William Thurman, a West
Virginia lawyer who represented the defendants at the time, was having none of
it.
First, landowners don't
sneak onto their own properties, he argued. And second, "The reason for the
lawful well is not relevant." In other words, the motive doesn't
matter.
It's an argument he made
successfully in a 2010 case when landowners drilled several water wells on empty
property to prevent Diversified Resources, a West Virginia-based company, from
drilling a Marcellus well on their land. The state court judge in that case
ruled it makes no difference that the landowners intentionally tried to block
gas development. They drilled a legal water well, and it would
stand.
But the federal court
judge handling EQT's case last year didn't see it that way. The defendants were
ordered to plug their water well so that EQT could proceed with its gas
well.
Mr. Thurman said he's
handled more than half a dozen such cases where landowners drilled water wells
or erected structures within 200 feet of a proposed gas well to stop the
drilling.
Some clients came to him
having gotten the idea from Mr. Mahon's website. Some came in search of a
solution and Mr. Thurman supplied the idea.
These days, though, he
said drilling water wells to stop gas development "probably won't work," because
of a 2011 West Virginia law that spells out exactly when existing features must
be in place before drilling begins. A similar provision is included in
Pennsylvania's Act 13 legislation. Only water wells and
structures in place at the time that the gas company submits its permit
application to the Department of Environmental Protection and the landowner
count toward the setbacks.
The Pennsylvania
experience
In 2011, the Baron
Group, a Pittsburgh-based oil and gas company, applied for permits to drill
wells on a 136-acre parcel of land in South Huntingdon, Westmoreland
County.
The landowner, who
doesn't own the mineral rights below the land, objected to the
permit.
When the gas company
revealed the location of the proposed well, the landowner moved a trailer into
the area. The company adapted and got a permit for another location, outside of
the required setback for the trailer.
But just before gas
drilling was scheduled to begin, the landowner hired a water well driller and
sunk a well in the new location. With less than 200 feet between the water well
and the proposed gas well, the landowner thought the gas company would be
prohibited from drilling.
"What struck me in that
case is that the surface owner readily admitted that they drilled the well for
the sole purpose of defeating the oil and gas well and their argument was it did
not matter what their motives were, the statute said what the statute said,"
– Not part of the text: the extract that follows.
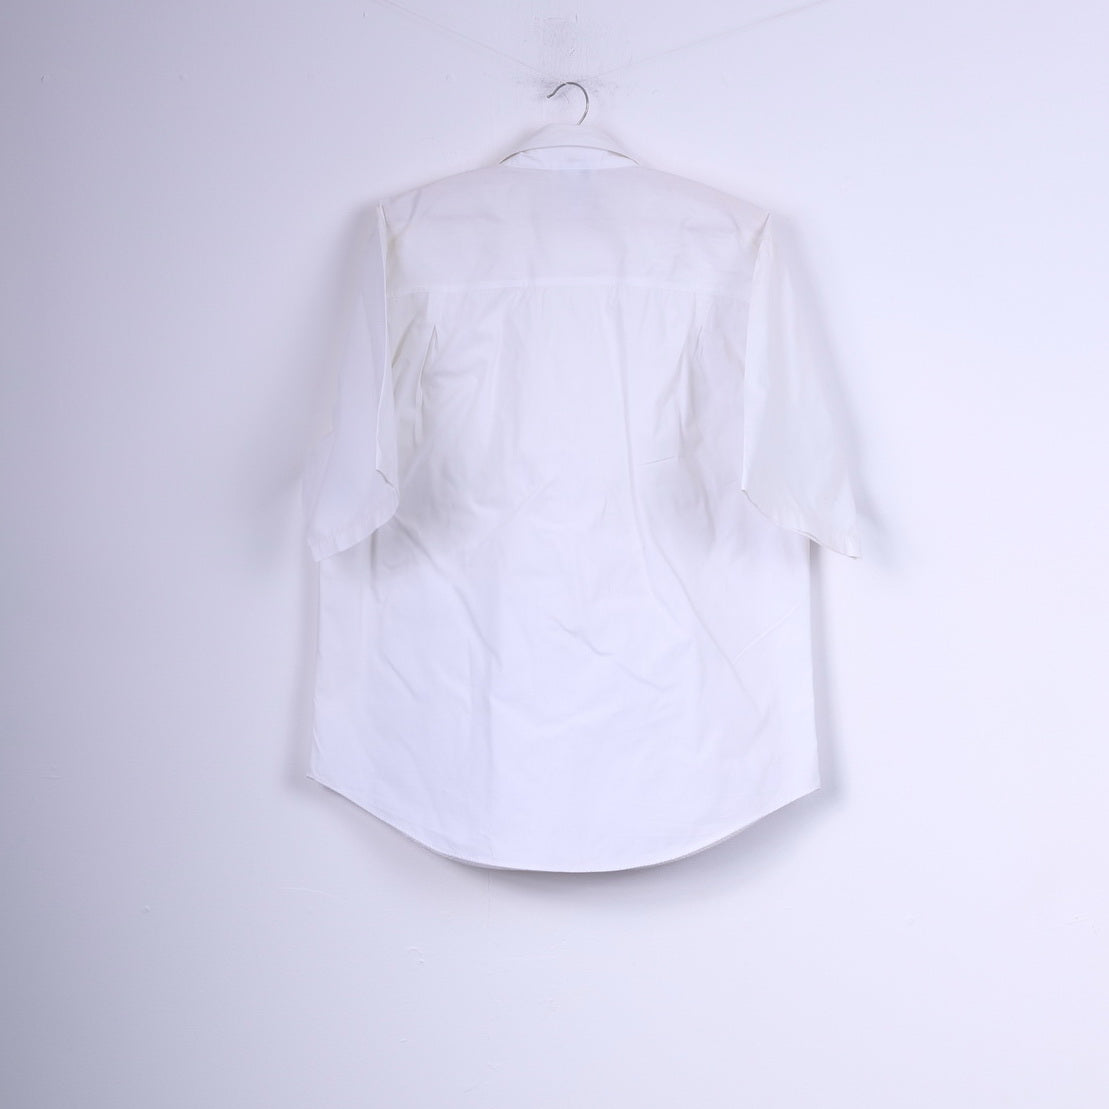 Jordache Jeanswear Mens S Casual Shirt White Short Sleeve Top Vintage

said Steve Silverman, an attorney with Babst Calland who represented the Baron
Group before the state Environmental Hearing Board.
Perhaps more striking
was that the landowner in that case was Tenaska, a Nebraska-based energy company
that drills for oil and gas and had plans for a natural gas-fired power plant in
South Huntingdon.
The Environmental
Hearing Board judge didn't address the issue of motive. Instead, because the
Baron Group drilled its oil and gas well before Tenaska had a chance to connect
its water well to the trailer, the Baron Group got the legal advantage. Tenaska
was ordered to plug its water well.
This was the first and
only time that a case involving the water well gambit had come before the state
Environmental Hearing Board, according to its chief justice. The issue isn't as
developed in Pennsylvania courts as in West Virginia, but it's starting to show
up in other legal documents across the Marcellus
footprint.
About six months ago,
Steve Townsend, a Pittsburgh-based landowners' attorney, began to notice a new
clause in leases proposed to his clients. It was a promise that the landowner
wouldn't build anything within 200 feet of what's already on the
property.
"Anytime that something
is bad for the industry, they just remedy it by putting it into the lease," Mr.
Townsend said.
My take
1. Shows the need for surface owners rights.
2. This approach is bad for all.
3. In PA - I have seen this done with water wells and septic systems.
4. This will cause a backlash that will permit giving and getting more waivers to the industry.